This month’s dust up in the Little City over how the $3 million surplus that remained at the completion of the fiscal year on June 30 has all the earmarks of the same kind of clash that has periodically broken out when some politicians seek to overstep the separate domains of the Falls Church city government and the City schools.
For all the sophistry and other dissembling verbiage that may be brought to bear on this situation, it is only the latest form of the same old conflict. In our more than 21 years providing weekly editions of our newspaper in this community, we’ve seen it repeated over and over again. It happens especially when there is a certain acrimony held by some members on the City Council over the functioning of the City’s schools.
Now, the pattern has always been, however, for such acrimony to be completely denied. But when put to the test, it takes the form of a sharp protest against the idea of committing taxpayer resources to things a substantial portion of the Council has the desire to deny.

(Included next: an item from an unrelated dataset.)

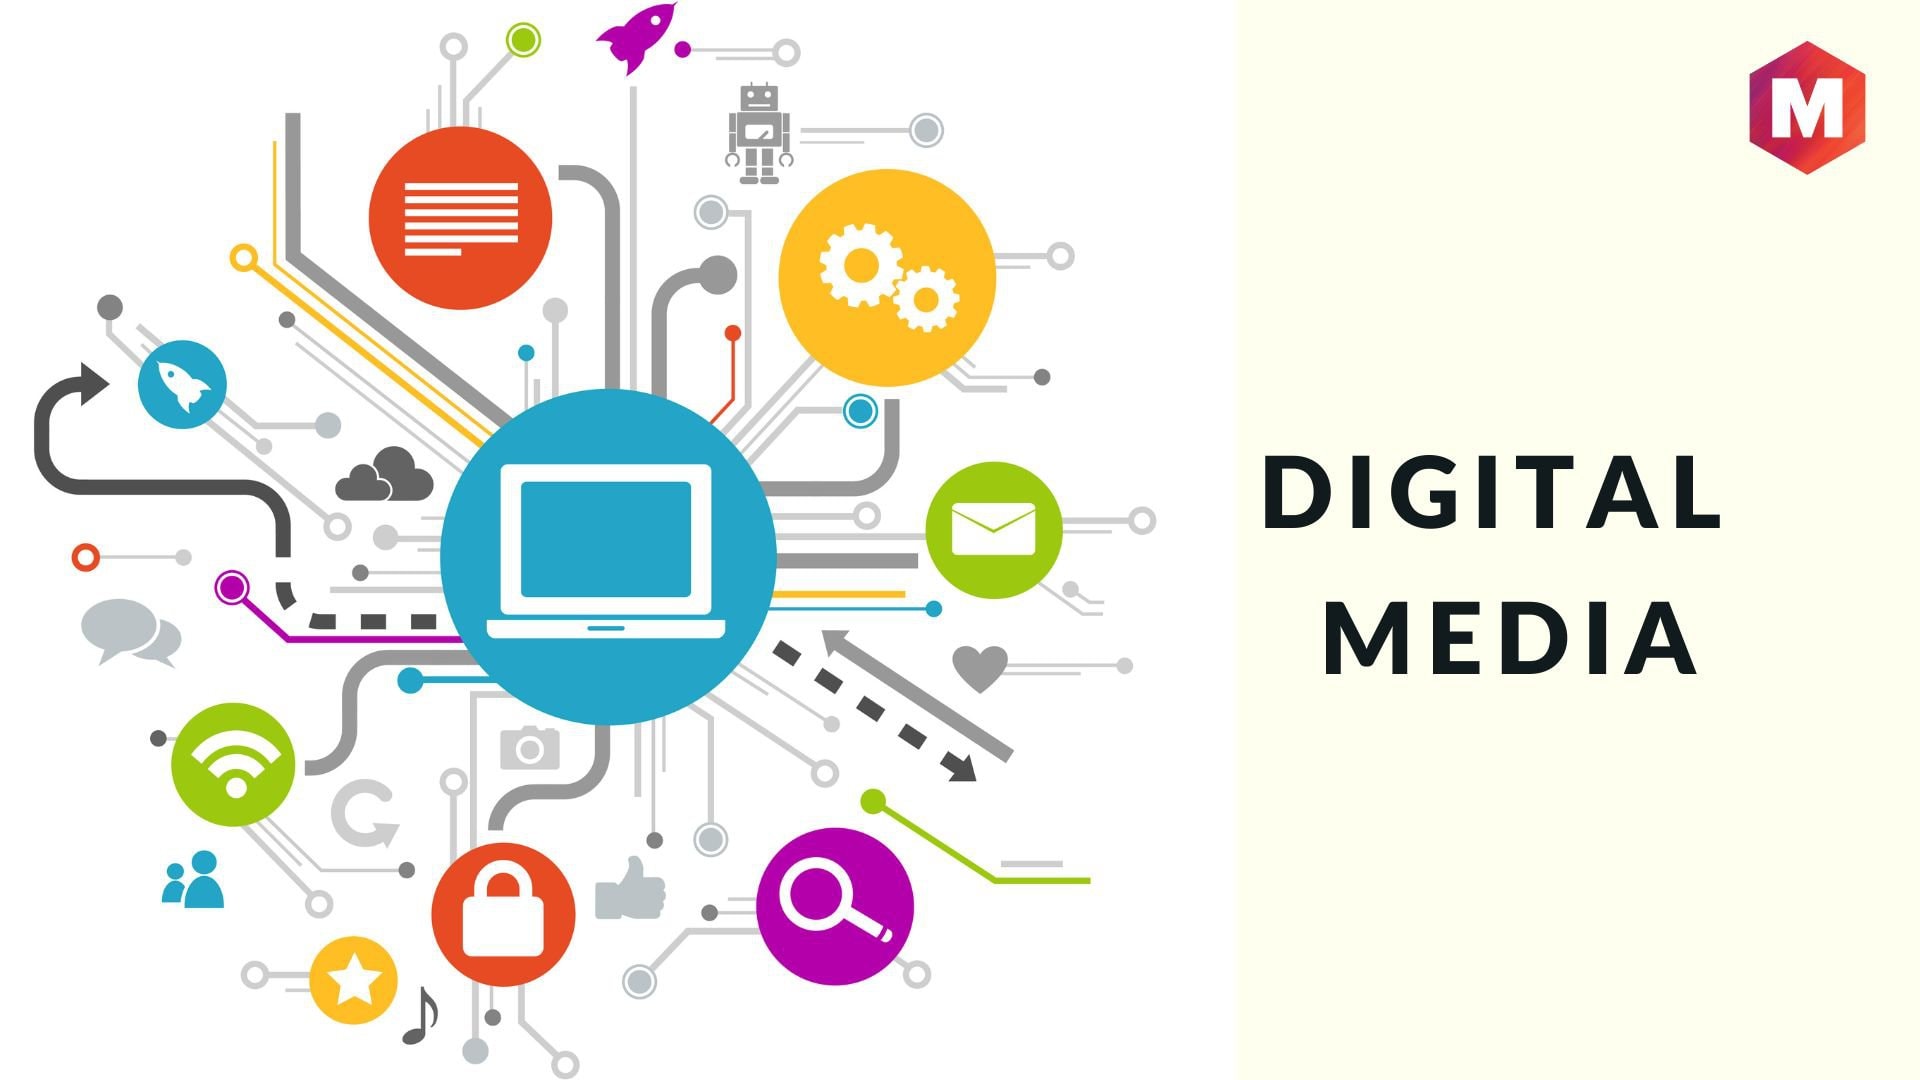 Digital Media - Definition, Importance, Trends and Job Opportunities |  Marketing91

It should be noted that prior to our being on the scene, there were many times in the earliest years of the City in the 1950s through 1970s when there was no attempt by many Council members to hide or obfuscate their hostility toward the schools.

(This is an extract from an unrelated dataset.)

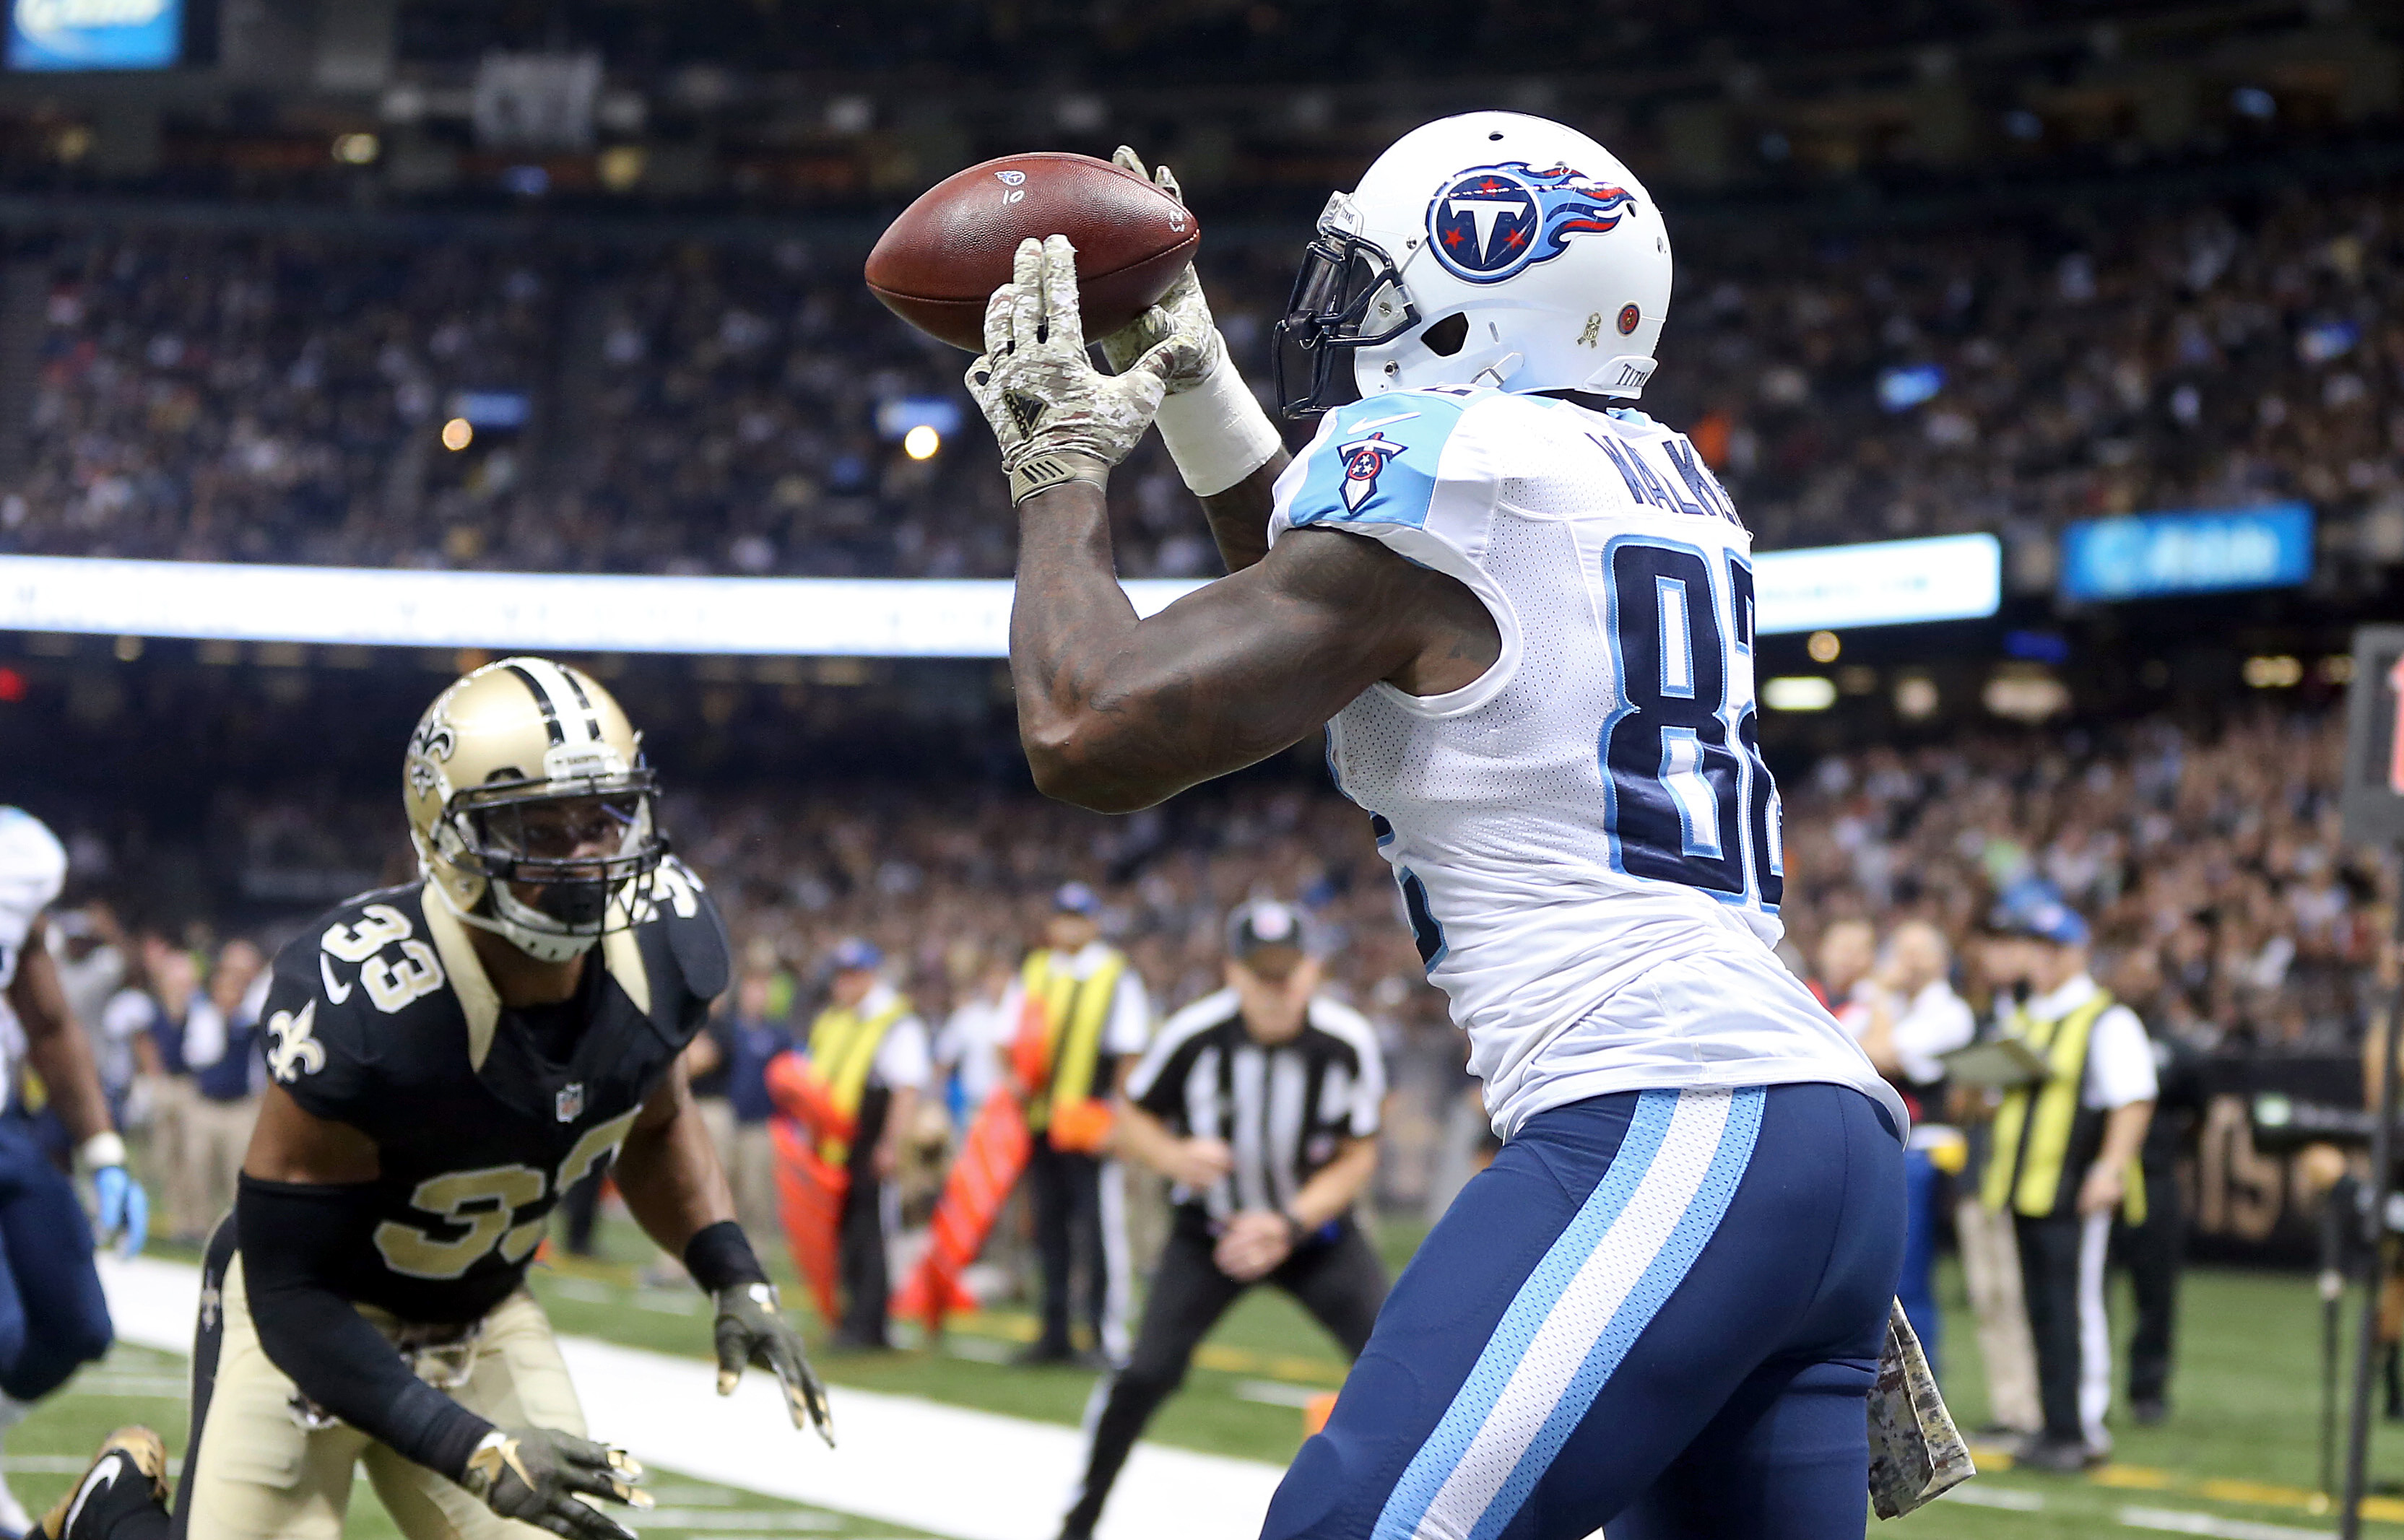 Saints lose in overtime 34-28 to Titans

The distinction between the two sovereign, so to speak, legal and political functions and domains of the two bodies – the City Council and School Board – came into sharper focus when citizens voted to elect their School Board in the early 1990s. It amplified the separate-but-equal standing of the two bodies as spelled out in state law and the City’s code long before.
That is, the City Council gets the final say on how much of City resources, derived through taxes and other means, it will designate for the Schools. But that’s where the Council’s authority ends. It is solely up to the Schools to work out how that money will be allocated and deployed within the system.
The temptation has been almost too much for some Council members over the years to weigh decisions on allocations to the School Board by judging whether one or another School program should be funded, or not. But that is not the function of the Council to determine. It cannot micromanage within the School Board’s area of authority.
In the current case, some on Council are seeking to get around that constraint by allocating the entire surplus (aside from portions marked for legal and other contingencies) to “capital improvement project” (CIP) use, thus designating none of it for School operations.
But that is just the kind of technicality that some have sought to exploit over the years in the seemingly unending wars between stingy taxpayers and too-young-to-vote children who are hoping to cope in the world with the benefit of a good education.
Editorial: Overstepping the Boundary Again
FCNP.com
This month’s dust up in the Little City over how the $3 million surplus that remained at the completion of the fiscal year on June 30 has all the earmarks of the same kind of clash that has periodically broken out when some politicians seek to overstep the separate domains of the Falls Church city government and the City schools.
For all the sophistry and other dissembling verbiage that may be brought to bear on this situation, it is only the latest form of the same old conflict. In our more than 21 years providing weekly editions of our newspaper in this community, we’ve seen it repeated over and over again. It happens especially when there is a certain acrimony held by some members on the City Council over the functioning of the City’s schools.
Now, the pattern has always been, however, for such acrimony to be completely denied. But when put to the test, it takes the form of a sharp protest against the idea of committing taxpayer resources to things a substantial portion of the Council has the desire to deny.
It should be noted that prior to our being on the scene, there were many times in the earliest years of the City in the 1950s through 1970s when there was no attempt by many Council members to hide or obfuscate their hostility toward the schools.
The distinction between the two sovereign, so to speak, legal and political functions and domains of the two bodies – the City Council and School Board – came into sharper focus when citizens voted to elect their School Board in the early 1990s. It amplified the separate-but-equal standing of the two bodies as spelled out in state law and the City’s code long before.
That is, the City Council gets the final say on how much of City resources, derived through taxes and other means, it will designate for the Schools. But that’s where the Council’s authority ends. It is solely up to the Schools to work out how that money will be allocated and deployed within the system.
The temptation has been almost too much for some Council members over the years to weigh decisions on allocations to the School Board by judging whether one or another School program should be funded, or not. But that is not the function of the Council to determine. It cannot micromanage within the School Board’s area of authority.
In the current case, some on Council are seeking to get around that constraint by allocating the entire surplus (aside from portions marked for legal and other contingencies) to “capital improvement project” (CIP) use, thus designating none of it for School operations.
But that is just the kind of technicality that some have sought to exploit over the years in the seemingly unending wars between stingy taxpayers and too-young-to-vote children who are hoping to cope in the world with the benefit of a good education.